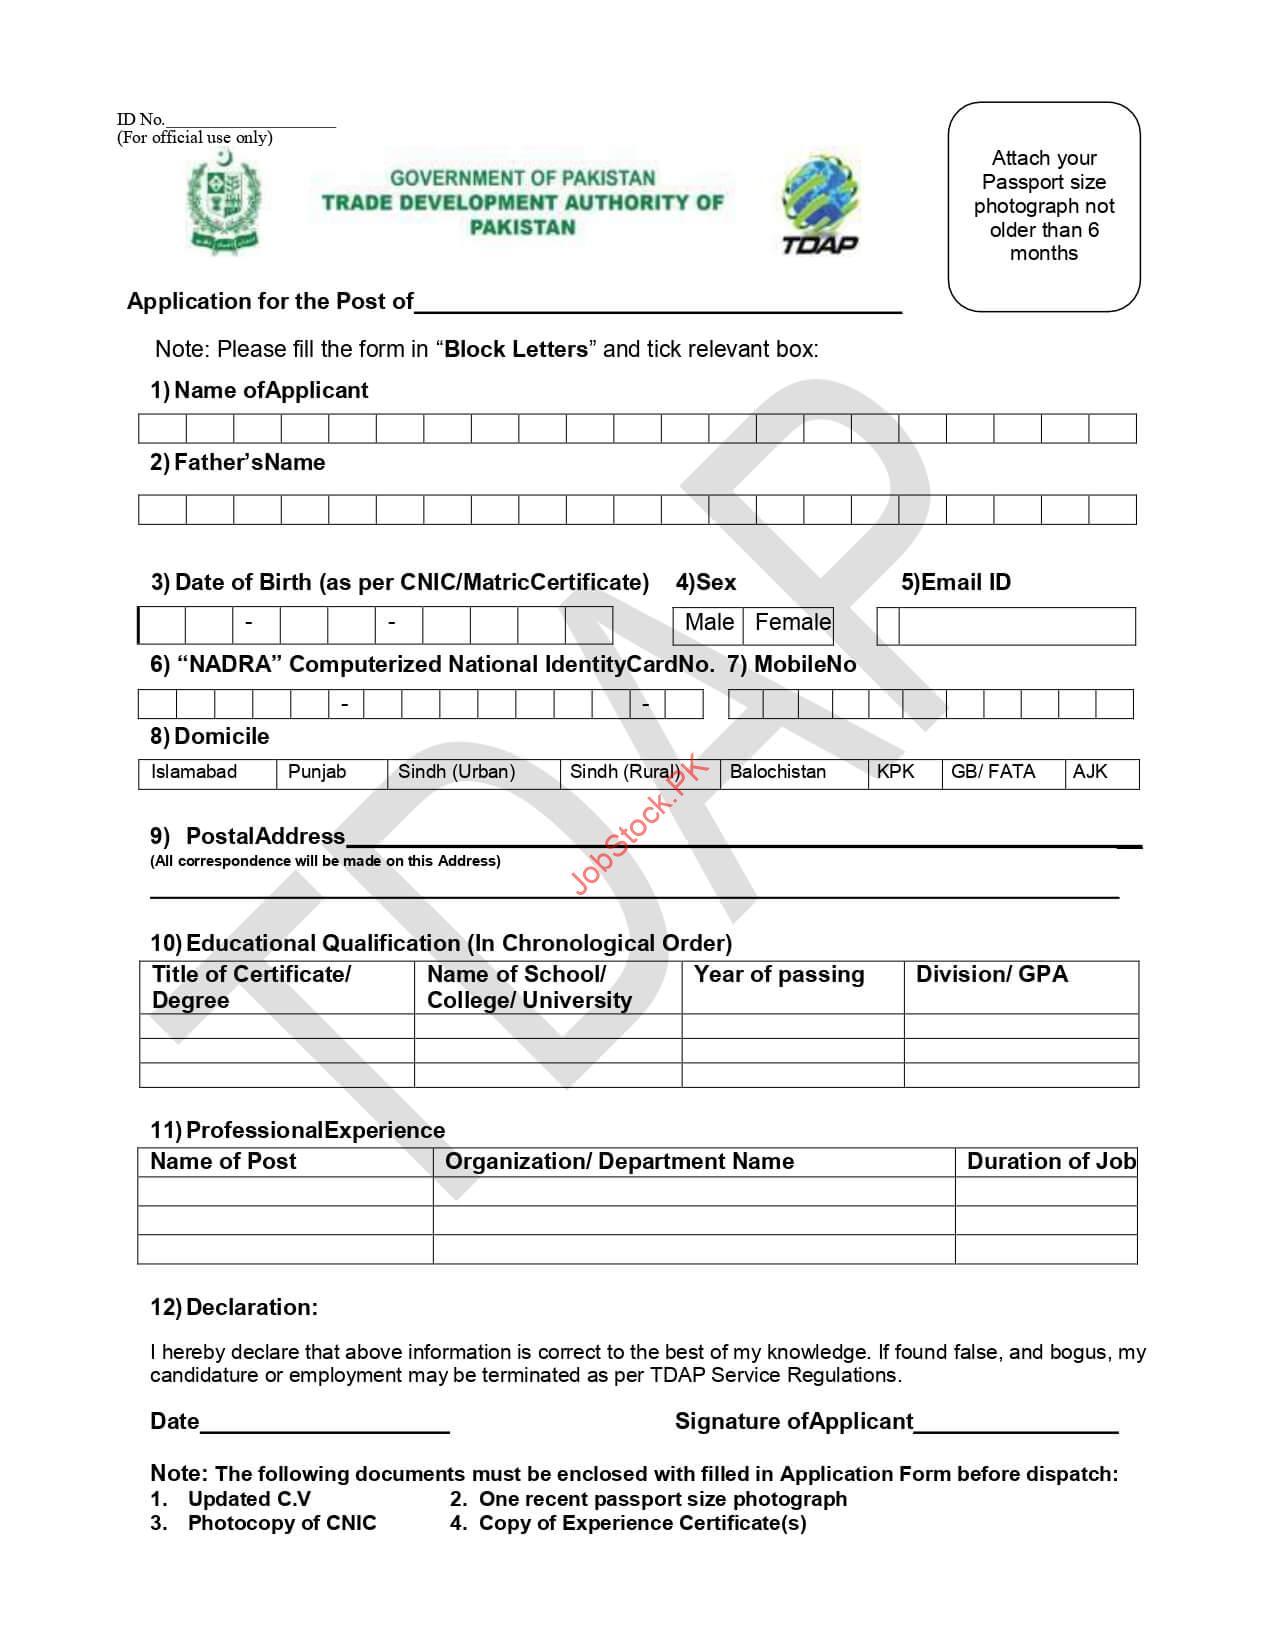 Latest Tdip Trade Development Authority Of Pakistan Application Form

◆ ◆ ◆

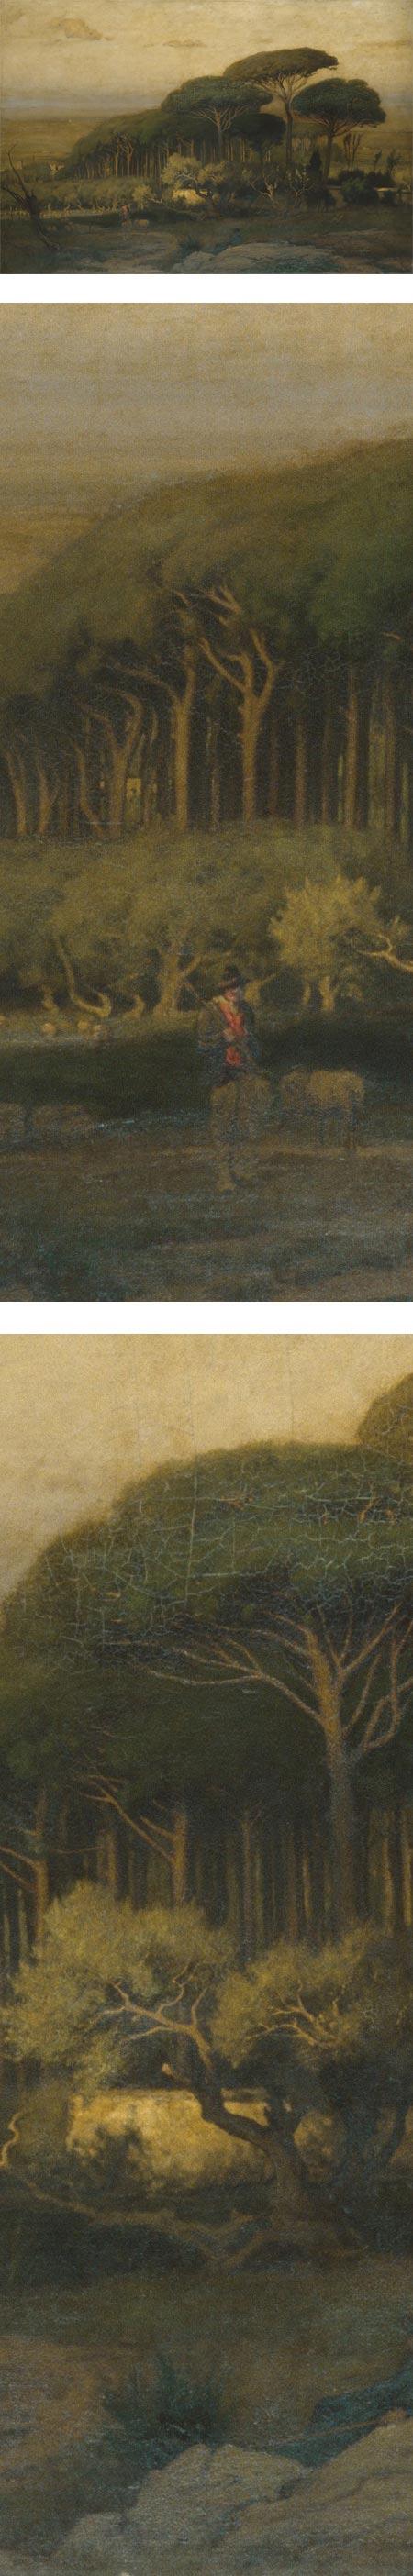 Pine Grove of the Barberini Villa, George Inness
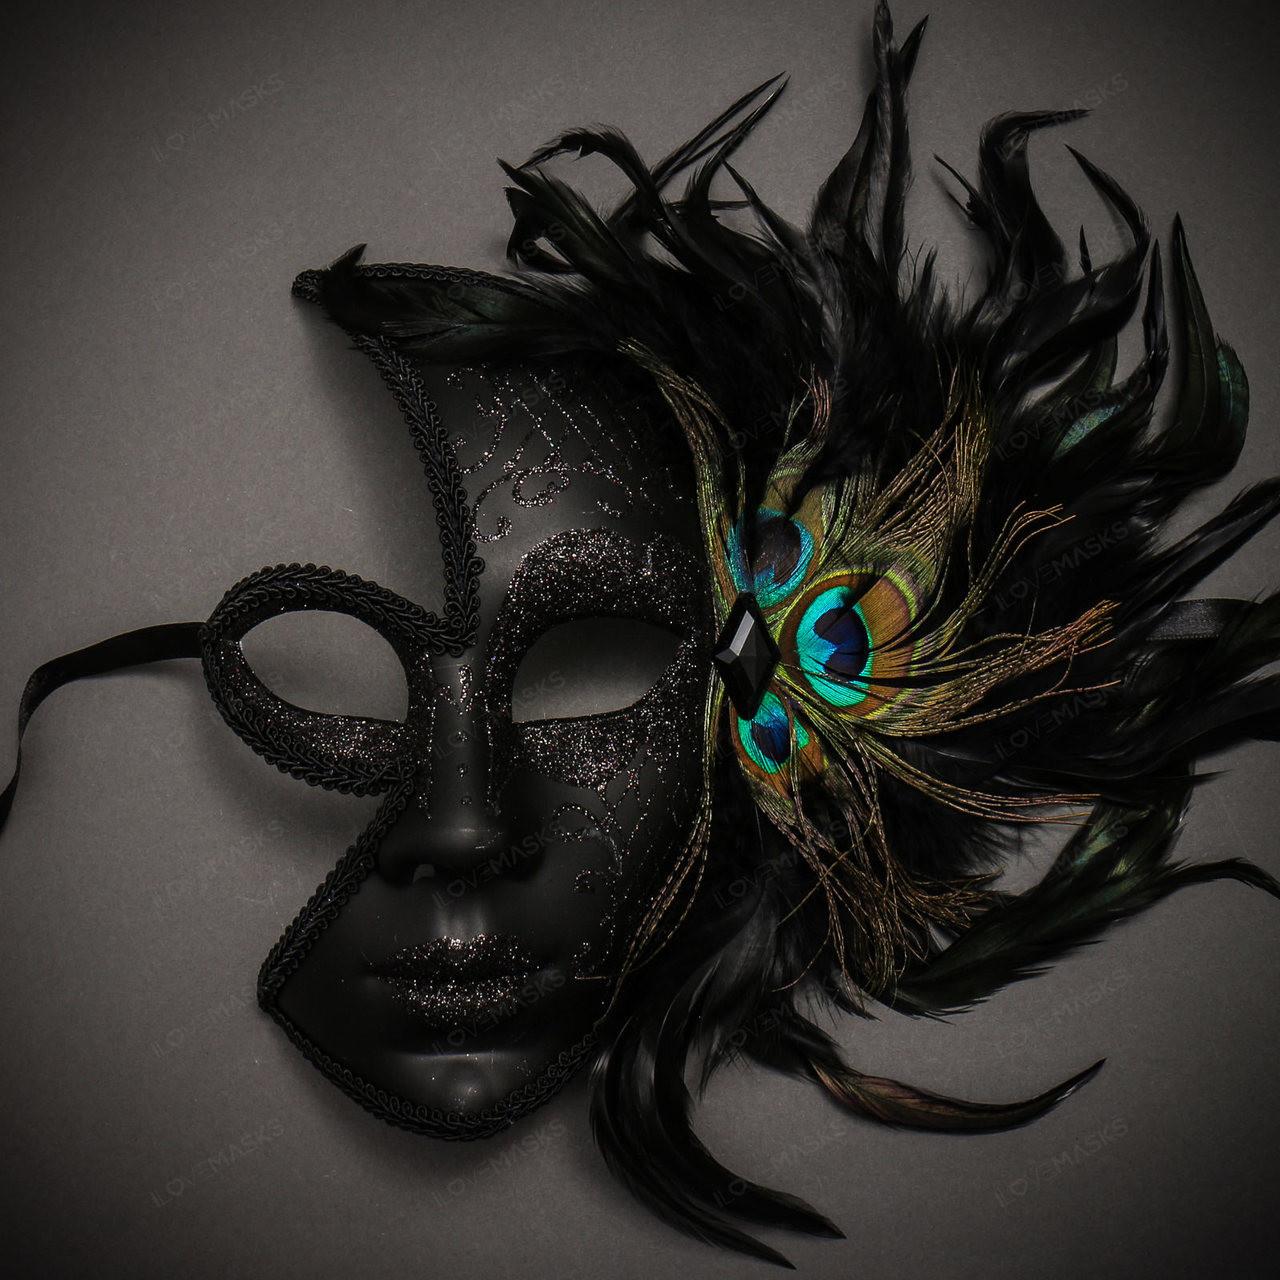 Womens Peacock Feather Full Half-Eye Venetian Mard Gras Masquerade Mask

◆ ◆ ◆

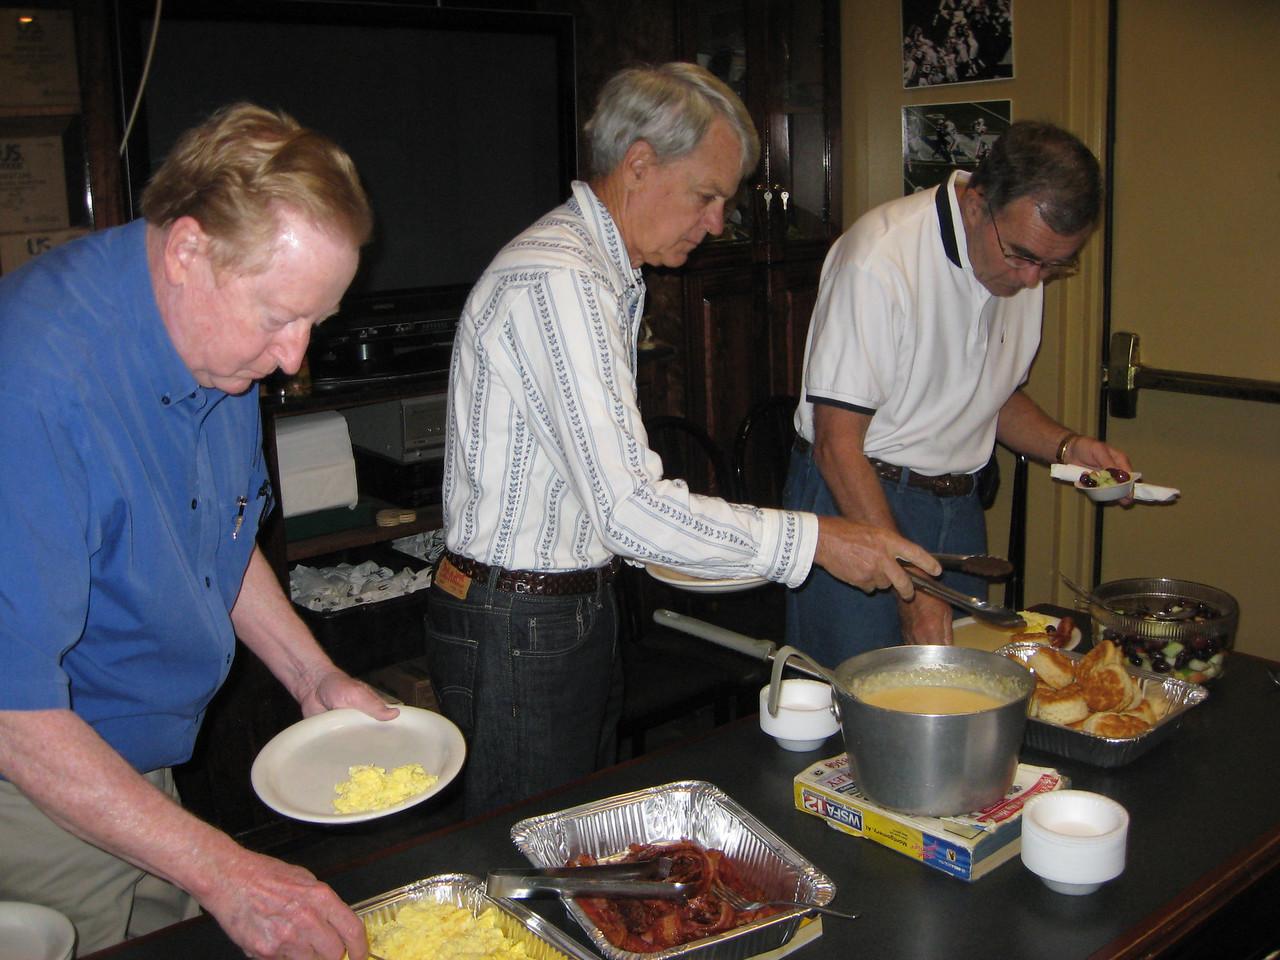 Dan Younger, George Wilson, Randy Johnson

◆ ◆ ◆

Starting at the line with "Pine Grove of" and finishing at the line with "Womens Peacock Feather", copy the material above exactly, both lines included. Nothing else goes in, and no pictures.

 Pine Grove of the Barberini Villa, George Inness
 Womens Peacock Feather Full Half-Eye Venetian Mard Gras Masquerade Mask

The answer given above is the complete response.